Friday, June 17, 2011

RIMM Is Less Likely a Buyout Target

Financial analysts are contemplating that RIMM could be a potential buyout target and the dead money encapsulated in its asset would have a second life. We think it's less likely the case.

Technology advances is brutal. Being obsolete is equal to being dead money. RIMM's assets are tied to manufacturing or servicing its products, email smartphone. If email smartphone is obsolete, so would be its assets. And obsolete assets fetch little cash.

We don't have numbers so we base our discussion on categories.

First it comes to the assets for manufacturing. This include the design, plant, machinery, inventory, etc. Suppose RIMM is acquired. Let's try to figure out what the buyer would do with RIMM's manufacture related asset. Although financial analysts wouldn't see the difference, entrepreneurs in technology sector would know better. Switch to a new design or manufacturing process requires tremendous effort to redo the design, retooling the machinery and re-configuring the plants, especially when the technology is obsolete. More often than not, it cost more than come up with a new design or build a new plant from scratch.

Using TV as an example, would customers buy a cathode ray tube (CRT) when LCD is available on the market? Not likely.
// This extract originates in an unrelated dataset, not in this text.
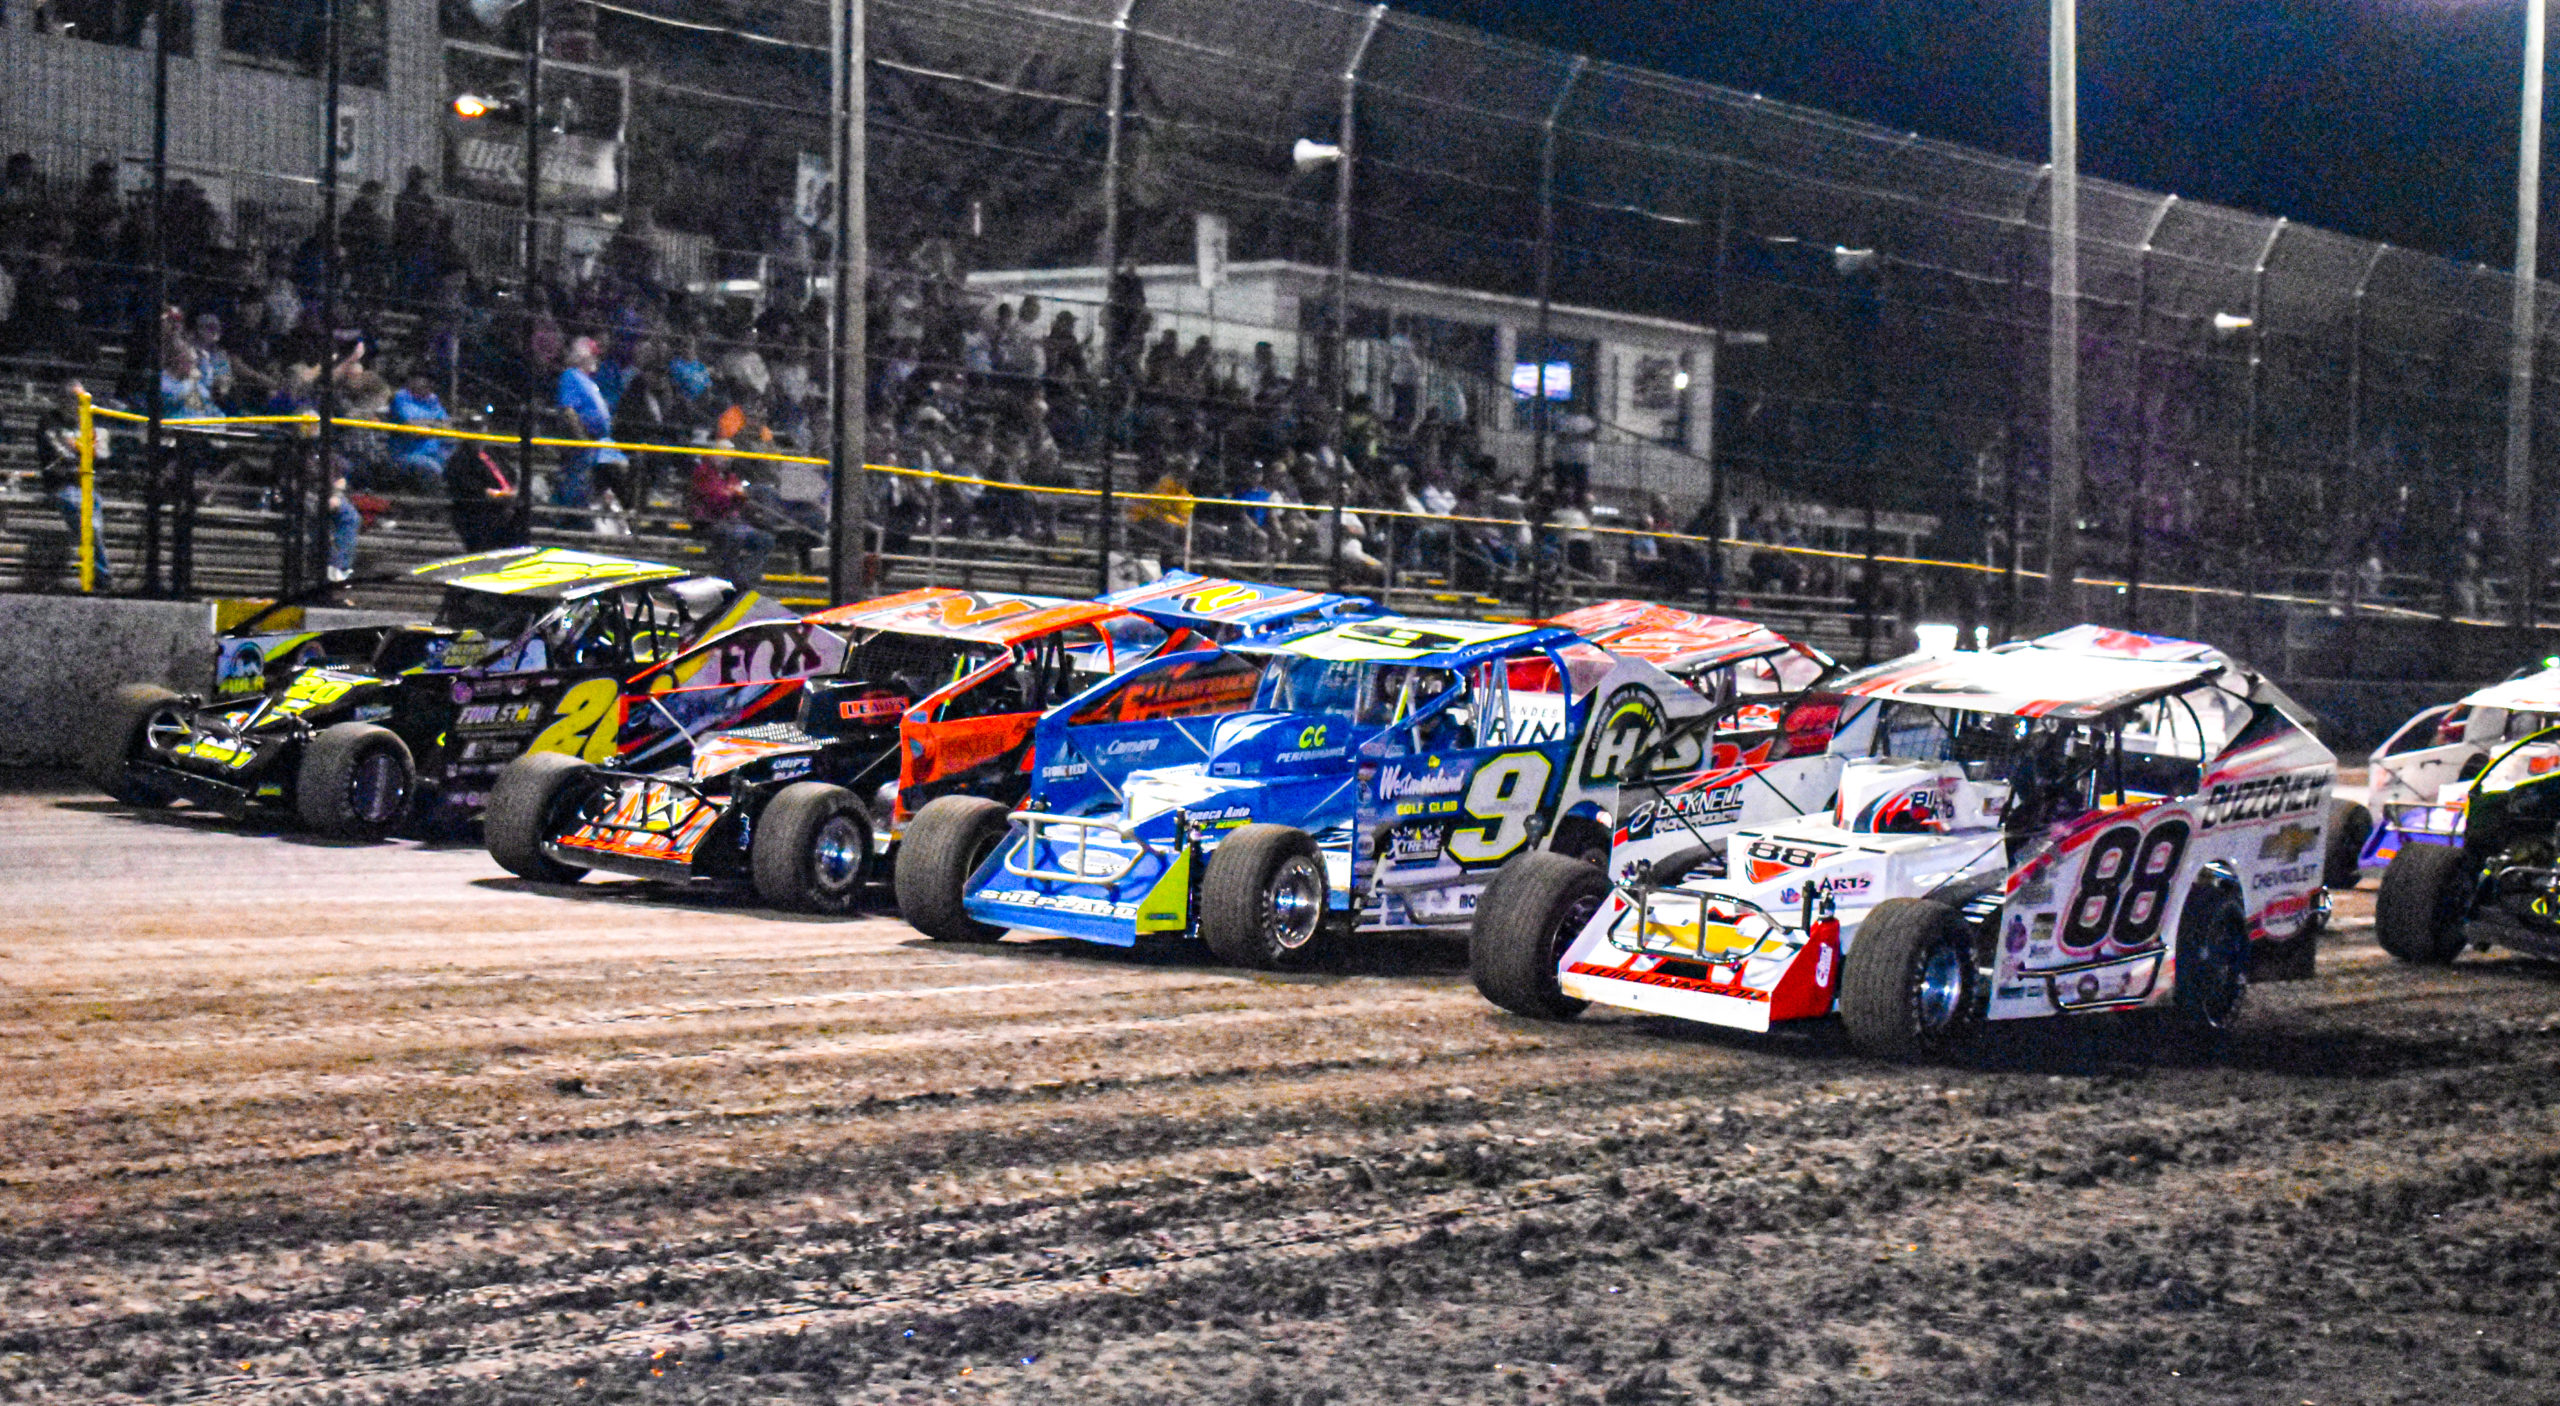 ANOTHER ANIMAL: Higher Purses, New Track Surface Await Super DIRTcar Series at Volusia Speedway Park

Would an entrepreneurs buy a CRT manufacture when LCD technology is ready? Not likely, either. Although a CRT manufacture makes TV like a LCD manufacture does, the technology is hugely different. The tool that was designed to handle tubes is not going to handle flat panels. So are the workers. They lack the experiences.
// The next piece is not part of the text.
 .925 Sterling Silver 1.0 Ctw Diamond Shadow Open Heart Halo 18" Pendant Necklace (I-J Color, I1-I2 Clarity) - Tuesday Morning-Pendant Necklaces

Secondly, how about the assets servicing existing products? RIMM owns network operation centers that service its customers. But RIMM's market share is diminishing. Therefore down the road its capital expenditure will have less return because it services a shrinking customer base. Would a buyer like to invest more money on assets with gloomy future? Not a sane one.

Analysts may also argue that a buyer can take advantage of RIMM's existing market share. How? By paying customers to switch to new products or services? They are switching without incentives anyway. Why bother burn cash for it? Leave them alone? Then we go back to the second case where the buyer faces diminishing return on capital.

RIMM might be a hiding gem, but we didn't see its value as a buyout target.